На этого человека, который впоследствии погиб страшной смертью, тогда еще обратил внимание один из сторожей капеллы. День был праздничный, богослужение кончилось, посторонних пускали свободно. Обмениваясь шепотом восторженными замечаниями, они осматривали – кто фрески Перуджино, кто Филипепи, а большинство зрителей стену со «Страшным Судом». Потолком любовались бегло, ибо держать долго запрокинутой голову было неприятно, особенно в такой знойный день. Прислушиваясь со снисходительной улыбкой к замечаниям соседей, молодой художник копировал ту часть фрески, где Ботичелли изобразил себя с Моисеем. Невысокий, некрасивый человек в потертой темно-синей куртке, не взглянув ни на что другое, долго стоял перед стеной «Страшного Суда», отошел, снова вернулся и уставился неподвижным взглядом на произведение Микеланджело Буонаротти. Люди стали расходиться, утомленные жарой и обилием фресок, – всего не рассмотришь. Молодой художник, собрав свои вещи, ушел. Сторож, торопившийся как все, на игры Тестаччо, проходя мимо человека в темно-синей куртке, сказал, что капелла сейчас закроется. Оттого ли, что сторож сказал это громко (тогда как в капелле все говорили вполголоса, почти шепотом), или потому, что он не заметил приближения сторожа, человек в темно-синей куртке вздрогнул и изменился в лице. Сторожу тогда показалось, что он уже несколько раз на своих дежурствах видел в капелле этого человека. – «Десятый час, капелла закрывается», – повторил сторож. Человек в темно-синей куртке что-то пробормотал и вышел.

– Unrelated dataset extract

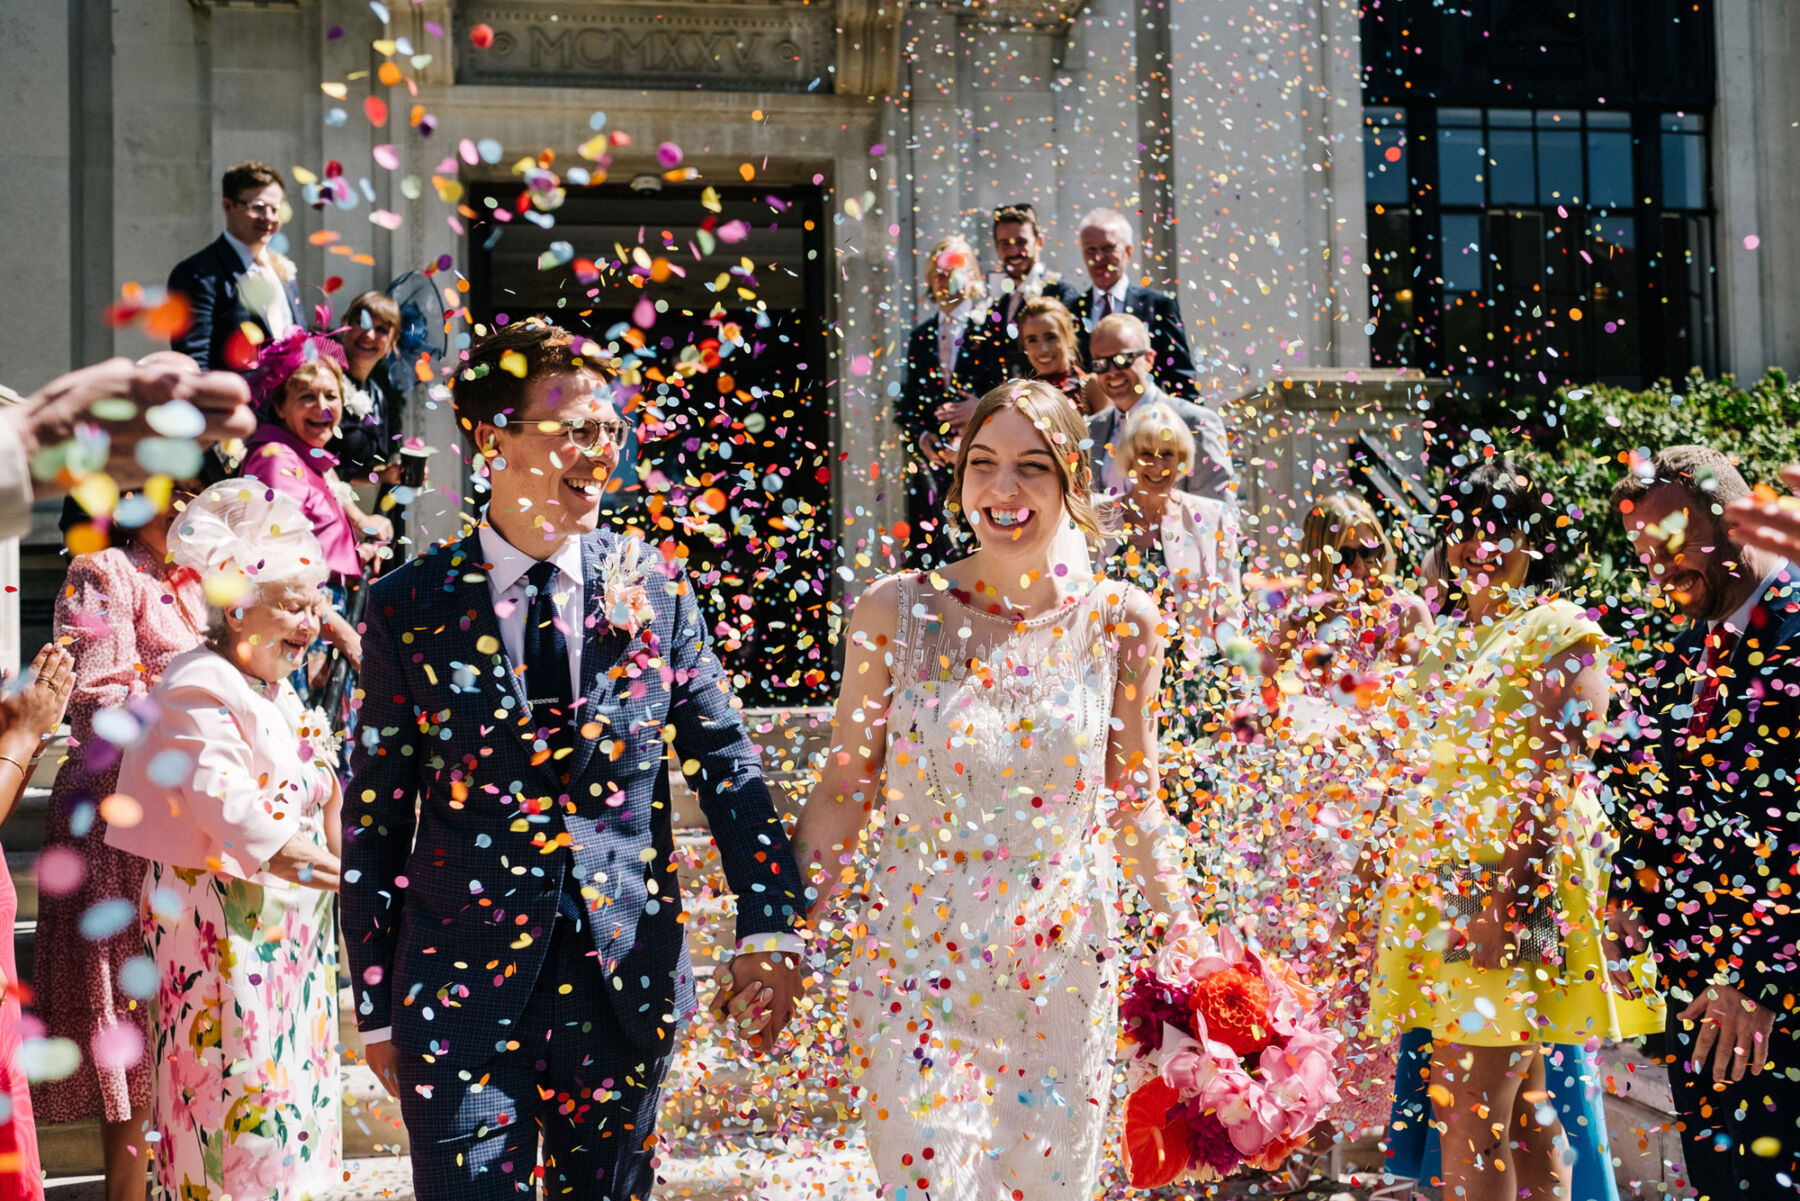 Colourful confetti showering down on a bride and groom on a sunny day

Покинув Ватикан, он рассеянно пошел туда, куда шли другие, по правому берегу Тибра, в направлении к Авентину. Уже вторую неделю в Риме стояла нестерпимая жара, – такая, что непривычные люди, случалось, падали замертво, а привычные – с полудня до вечера сидели полуголые дома, часто обливаясь тепловатой, почти не освежавшей водой. В этот день подул, поднимая столбы пыли, сухой, горячий ветер, редкий в Риме поздний сирокко. Странный человек перешел через реку у острова. На Козьей Горе,[1] изнемогая, он присел на огромный, пролежавший века без движения камень и уставился на средину площади. Не так давно, по совету Микеланджело, на эту площадь перенесли древнюю конную статую, которая изображала не то Константина Великого, не то Марка Аврелия. Человек в темно-синей куртке подумал, что, быть может, где-нибудь тут же будет стоять и его памятник. Он взглянул на свои худые, слабые руки, сравнил себя мысленно с бронзовым атлетом на лошади – и горько усмехнулся. А впрочем, верно, и Марк Аврелий не был похож на свой памятник. Так он просидел минут пять, глядя на корову, пасшуюся посредине площади. И вдруг он снова услышал голос. Бледное измученное лицо его стало еще бледнее.

Свиньи хрюкали на форуме. Проходили люди, спешившие на игры. Человек в темно-синей куртке пошел за ними. По дороге он вспомнил, что ничего не ел с утра. Есть ему не хотелось, но силы были нужны. Он вошел в трактир. Там было жарко, душно, пахло дымом и дешевой плохой едой: хозяйка приготовила к обеду бараний суп, с чесноком и капустой. Запах этот был ему противен. Он присел к краю стола и спросил молока и хлеба. Хозяйка посмотрела на него неласково, как и соседи по столу. Обед кончался, вина было выпито немало, разговор был общий и веселый; в этом бедном маленьком трактире все друг друга знали. Говорили об играх; мельник сказал, что их цех пожертвовал таких быков, каких никто не видел с сотворения Рима; за пустое хвастовство женщина плеснула в мельника остатками супа, он швырнул в нее коркой, все захохотали. В комнату неторопливо зашел мул, – опять раздался хохот. Человек в темно-синей куртке ел хлеб, ни с кем не разговаривая, глядя все в одну точку: туда, где упиралось в стену второе из закопченных крашеных бревен потолка с повисшей на нем паутиной. Допив молоко, он расплатился и направился к выходу, но увидев полку с разноцветными бутылками, точно только теперь догадавшись, что в трактире могут быть спиртные напитки, спросил рюмку водки и проглотил ее залпом.


С непривычки быстро захмелев, он пошел за толпою. Так же рассеянно, без всякого интереса, смотрел, как на вершине Тестаччо выстраивались обитые красным сукном телеги, как, при общем радостном хохоте, погонщики привязывали визжащих поросят и впрягали озирающихся быков, как занимали назначенные им места игроки, – некоторые из них бледнели, обнажая мечи. Раздался сигнал. Ошалевшие от жары, от ветра, от шума, от ударов, от уколов быки понеслись с горы, побежали и столь же ошалевшие участники игры. Когда один из них, задыхаясь, проскользнул перед самой мордой разъяренного быка, взмахнул мечом и страшным ударом отрубил поросенку голову, в общем реве, гоготе, визге потонул и отчаянный крик человека в темно-синей куртке. Пошатываясь, дрожа мелкой дрожью, он пошел прочь. Он и не видел, что внизу один из игроков, столкнувшись с другим, упал под ноги быка, и что к месту, по которому пронеслись телеги, бросились люди с носилками. С искаженным лицом он шел по направлению к термам Каракаллы. Ему хотелось выпить еще водки, но трактира по дороге не было.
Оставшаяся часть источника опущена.